К директору школы Ивану Кузьмичу Новикову, по прозвищу «Кузьма», на первых порах никакого респекта у меня, естественно, не было. Директор — он и есть директор: его боятся и стараются не попасть ему на глаза. Не попасть на глаза «Кузьме» было практически невозможно. Почти каждое утро он стоял в раздевалке, у входа, и сам отмечал тех, кто пришел с опозданием. Таковым оказался и я — почти сразу после того, как стал учеником сто десятой. «Фамилия?» — спросил «Кузьма»: не всех новичков он еще знал в лицо. Я назвался, ожидая разноса. Директорский карандаш повис в воздухе. «Кузьма» вгляделся в меня, вмятина на его лбу — след тяжкой мозговой операции — стала еще глубже. Произнес со значением:

— В нашей школе учился Борис Ваксберг… Это не твой родственник?

На какое-то мгновенье я замешкался. Вопрос застал меня врасплох. О том, что мой двоюродный брат учился в этой школе, ни я, ни мама не знали. Зато я хорошо знал, что дядя, отец Бориса, профессор Матвей Ваксберг выслан с матерью (моей бабушкой) в Казахстан. Как брат расстрелянного врага народа, Генриха, другого моего дяди. И что об этом не следует никому говорить: так мне давно повелела мама.

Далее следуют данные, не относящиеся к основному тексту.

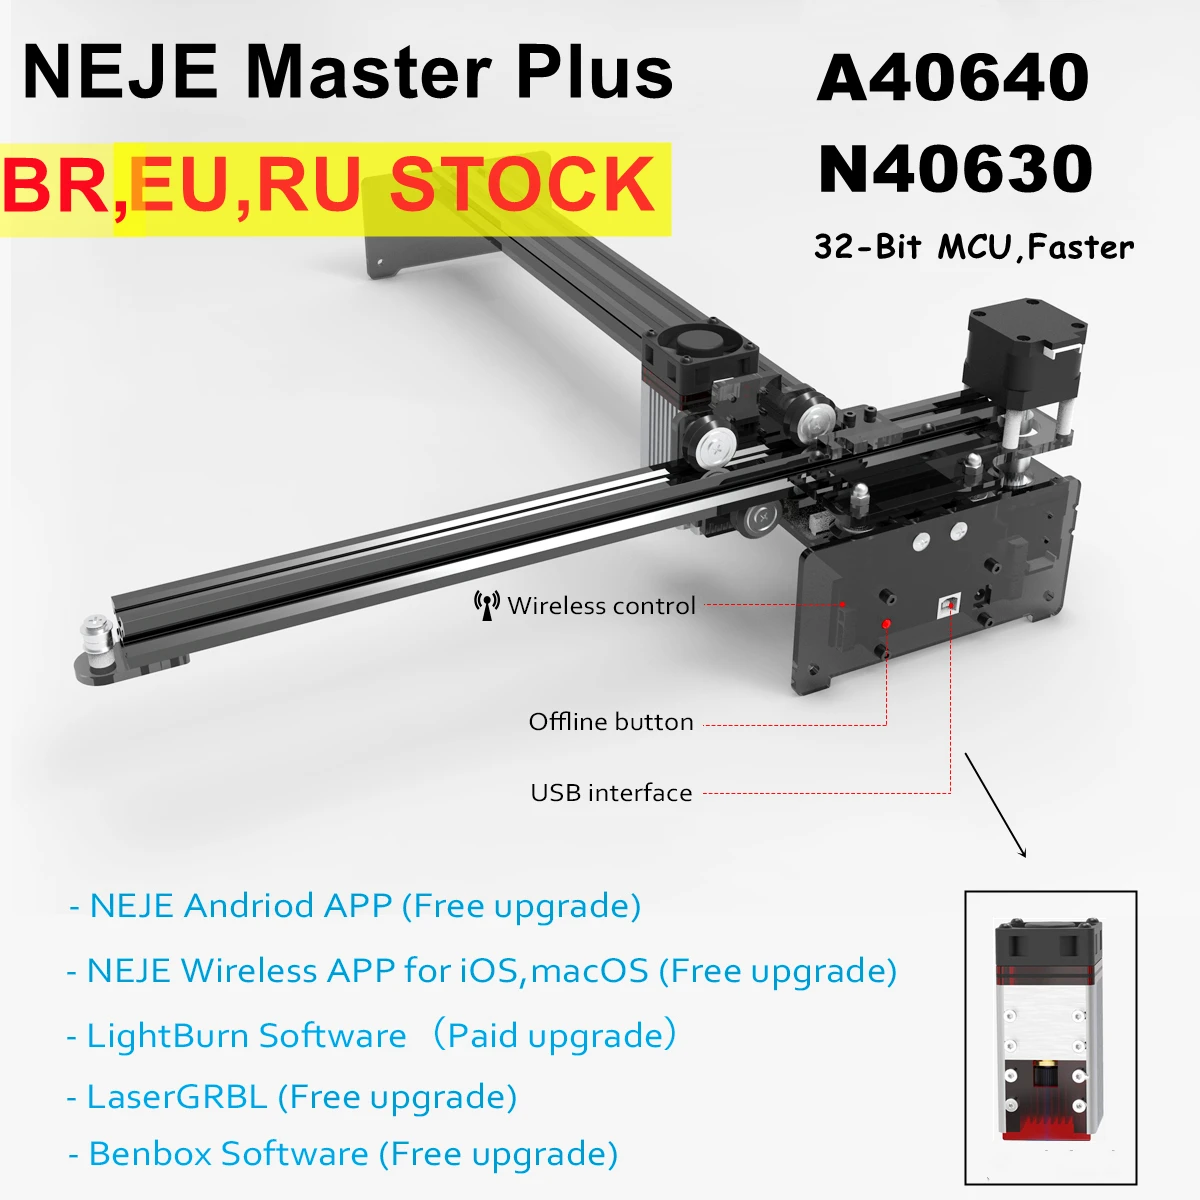 NEJE Master Plus A40640 80W CNC Laser Engraver Cutter Drucker Schneiden Maschine Router Lightburn Bluetooth Holz Metall Mark Werkzeuge

— Нет, не мой! — бойко ответил я.

«Кузьма» посмотрел на меня еще строже и, не сделав в своем блокноте никакой пометки, коротко бросил: — Ладно, иди!

Следующая с ним встреча произошла через несколько дней. Прозвенел звонок с перемены — перепрыгивая через ступеньки, я мчался в класс и чуть не сбил «Кузьму» с ног. «Задержись», — остановил он меня. Коридор опустел, мы остались одни.

— Твой брат Борис, — подчеркнуто тихо сказал он, отведя в сторону взгляд, — был гордостью нашей школы. Не надо от него отрекаться. И вообще — ни от кого. Родных не выбирают… Теперь иди. Скажешь, был у меня.

Могу поручиться, что эти его слова я запомнил в точности — на всю жизнь. Сколько ни роюсь в памяти, ничто от той поры не сохранилось в ней столь отчетливо, ничто не врезалось с такой пронзительной силой. Ударил наотмашь… Как я ему благодарен за этот удар! С тех пор между нами установилась особая связь, порожденная общей тайной. На его строгое отношение ко мне это не повлияло никак.

Борис был действительно человек поразительный, хотя я помню его очень смутно. В восьмом классе он стал уже кандидатом в шахматные мастера: тогда это была редкость великая, ему прочили огромное будущее. Я был совсем ребенком, но тоже баловался в шахматишки. Однажды Борис предложил сыграть со мной вслепую и поставил мат на шестнадцатом ходу: я запомнил это число как свой безутешный позор. Потом он сыграл «нормально», дав мне фору: ферзя. Я проиграл. Дал ферзя и ладью — результат был такой же. Добавил еще и коня — я проиграл. «Продолжим?» — тоскливо спросил он. Я отказался.

Его мать, очень крупный химик, была в разводе с Матвеем: поэтому, надо думать, Борис не отправился вслед за отцом в казахстанские степи.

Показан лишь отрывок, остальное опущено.